They both have a place, and I think it depends on the purpose of the rifle regarding what scope you put on it. For dedicated hunting rifles, SFP is better IMO. For lightweight builds, SFP is lighter for now and will be better. For LR Hunting or shooting, FFP is superior. It depends on your style and purpose for the gun.


----------



## Lone_Hunter (Oct 25, 2017)

Personally, I wouldn't run a FFP optic unless I was mounting it on an AR15 for shorter ranges, AND for medium to long range. The reticle shrinks to the point where it basically becomes a red dot. I need reading glasses, just to see the subtensions on a FFP optic that isn't zoomed all the way out. It's basically what is called an LPVO (low power variable optic) in the tactical world. Gives you the ability to shoot up close in CQB, and engage up to medium-ish ranges (600 yrds or so).
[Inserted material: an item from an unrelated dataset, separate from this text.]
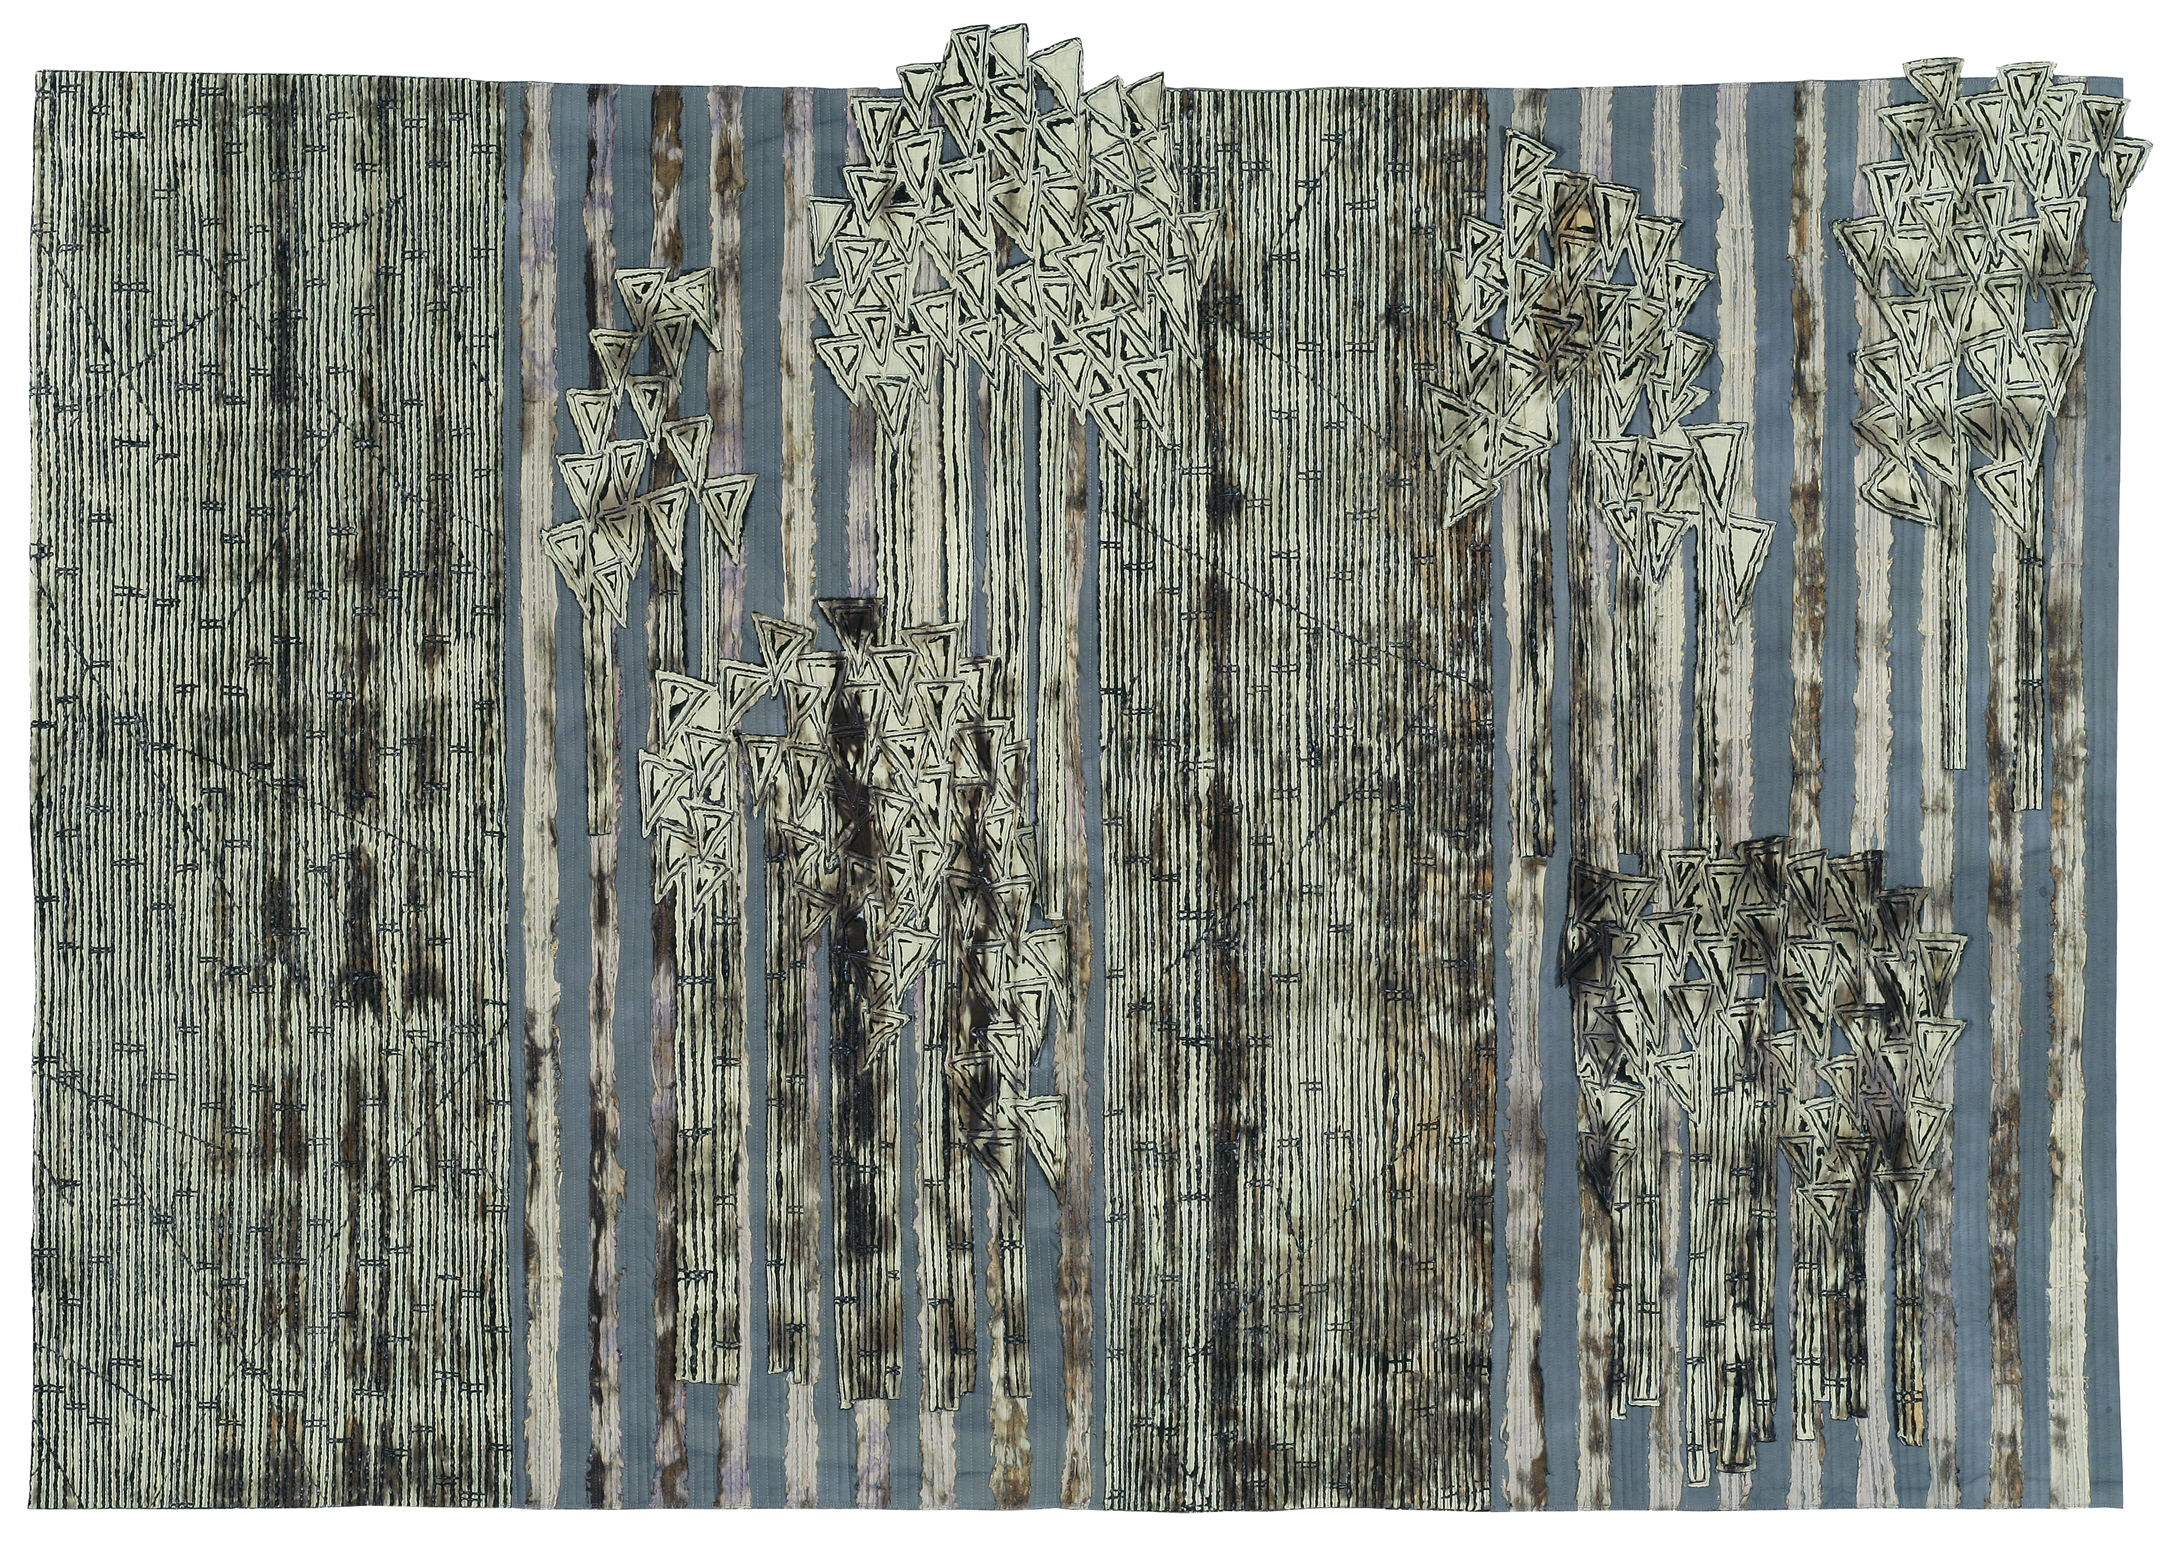 Work by textile artist and quilter Annette Morgan - Beth Chatto's Bamboo II Annette Morgan (photography by Kevin Mead of Art Van Go)

From a practical standpoint, I find I favor fixed power optics. Mainly because, I find I'm either either zoomed all the way in, or all the way, and only occasionally in between. In the heat of the moment, adjusting the power of my glass is one of the last things I think about. Besides that, fixed power glass tends to be lighter, more reliable, with better light transmission. Unfortunately, most of the hunting market is variable power.

The one FFP scope I had, I just didn't like it. Ended up ebaying it. All my rifles now wear either a fixed power prism scope (X3, and an X5), and a 3-9X50, SFP.


----------



## Ray (May 10, 2018)

I hear the argument all the time that FFP is superior because it remains properly calibrated and accurate at all magnifications, which I understand but I never shoot at an in between magnification, I’m either zoomed all the way in or all the way out. When zoomed all the way in, all hold overs on an SFP are accurate and correct, meaning, a rifle scope with hash marks representing .25 MOA across the horizontal line will will represent .25 MOA at maxed out magnification, so In that instance, it doesn’t matter if it’s ffp or SFP, when I have it zoomed all the way out, it’s so close it doesn’t even matter.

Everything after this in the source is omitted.